Qu'Appelle Valley Horse Pull Club


by Gerald Hendry

Photos courtesy of Prairie Wind Photography


Thank you to the CBHA president, Gelald Hendry for submitting the following article.  Belgian horses are undoubtedly the strongest of all draft breeds, as proven by their success at Pulling Competitions.

The Qu’Appelle Valley Horse Pull Club is located in Southern Saskatchewan, with most of the teamsters located a short distance around Regina.  The club has been around for 15 years and has 15 members.  Members range in occupations from farmers and business owners to retirees and welders.  The majority of the teams in the club-sponsored pulls are Belgians. 

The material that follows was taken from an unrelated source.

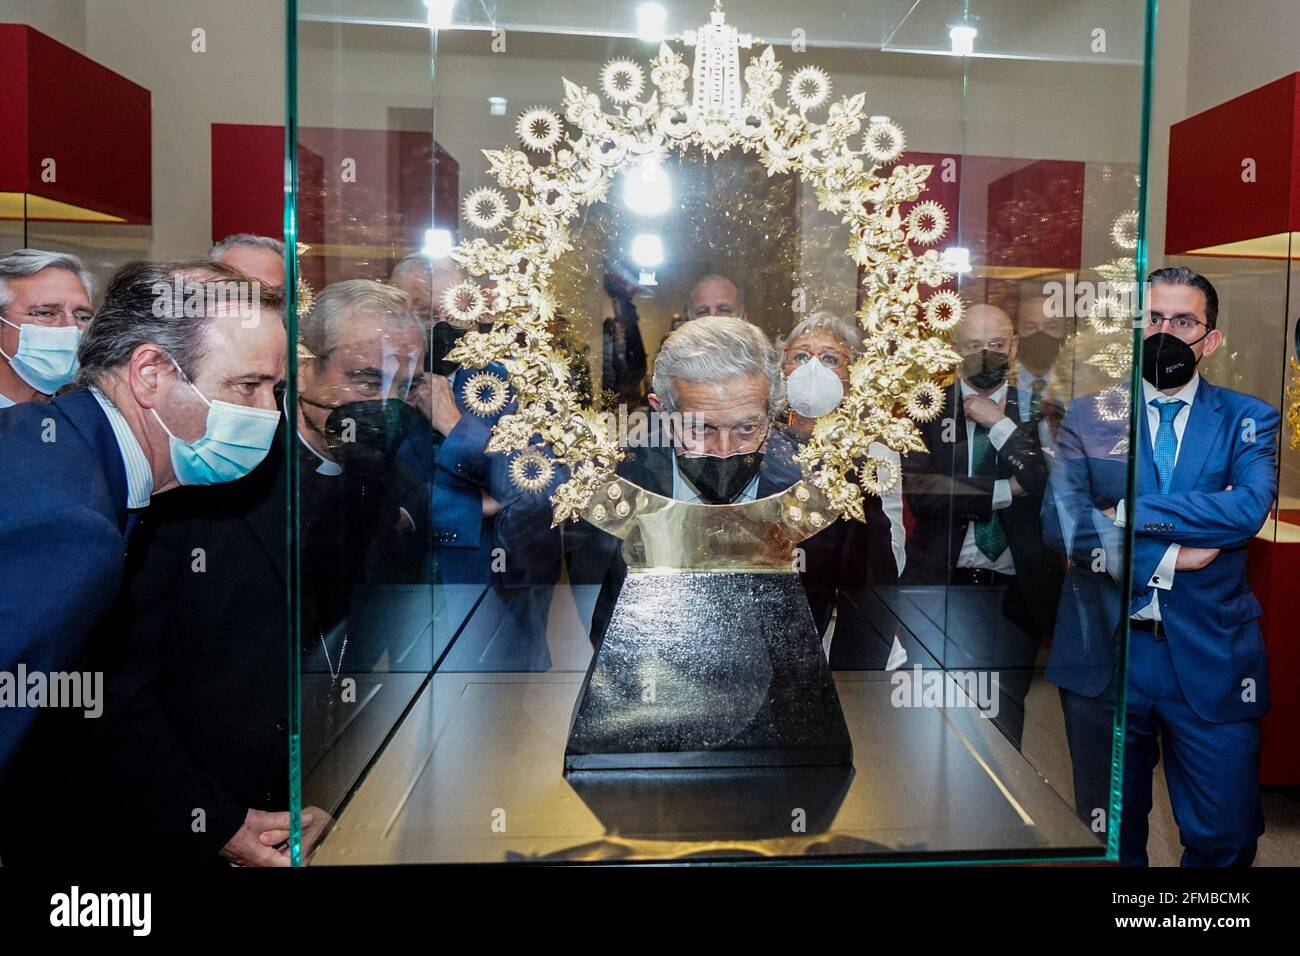 (L to R) President of Agrupacion de Cofradias de Semana Santa de Malaga, Pablo Atencia; Malaga Bishop, Jesus Catala Ibañez; and President of Fundacion Unicaja Braulio Medel observe an exposed crown property of Congregacion de Mena during the exhibition at Centro Cultural Fundacion Unicaja.'Un siglo de esplendor' is an exhibition that shows the artistic heritage of the Holy Week brotherhoods of Malaga and is one of the events organized by Agrupacion de Cofradias de Semana Santa de Malaga for the centenary of the institution. (Photo by Francis Gonzalez/SOPA Images/Sipa USA) Stock Photo

There are 3 weight divisions; the light weight division is 3000 lbs. and under, the middle weight division is 3500 lbs. and under and the heavy weight division is 3501 lbs. and up.  The rules are easy – the team that pulls the most weight the required 14 feet distance is the winner.  The track is set up with 2 lines 16 feet apart and 120 feet long.  Each team has two tries to pull the stoneboat loaded with weights.  The weight of the stoneboat generally starts with 3000 lbs. so the horses build up gradually to heavier weight.  The club rules state “no jerking” the load and most teamsters like to say, “tighten the tugs” to their team and then move the load.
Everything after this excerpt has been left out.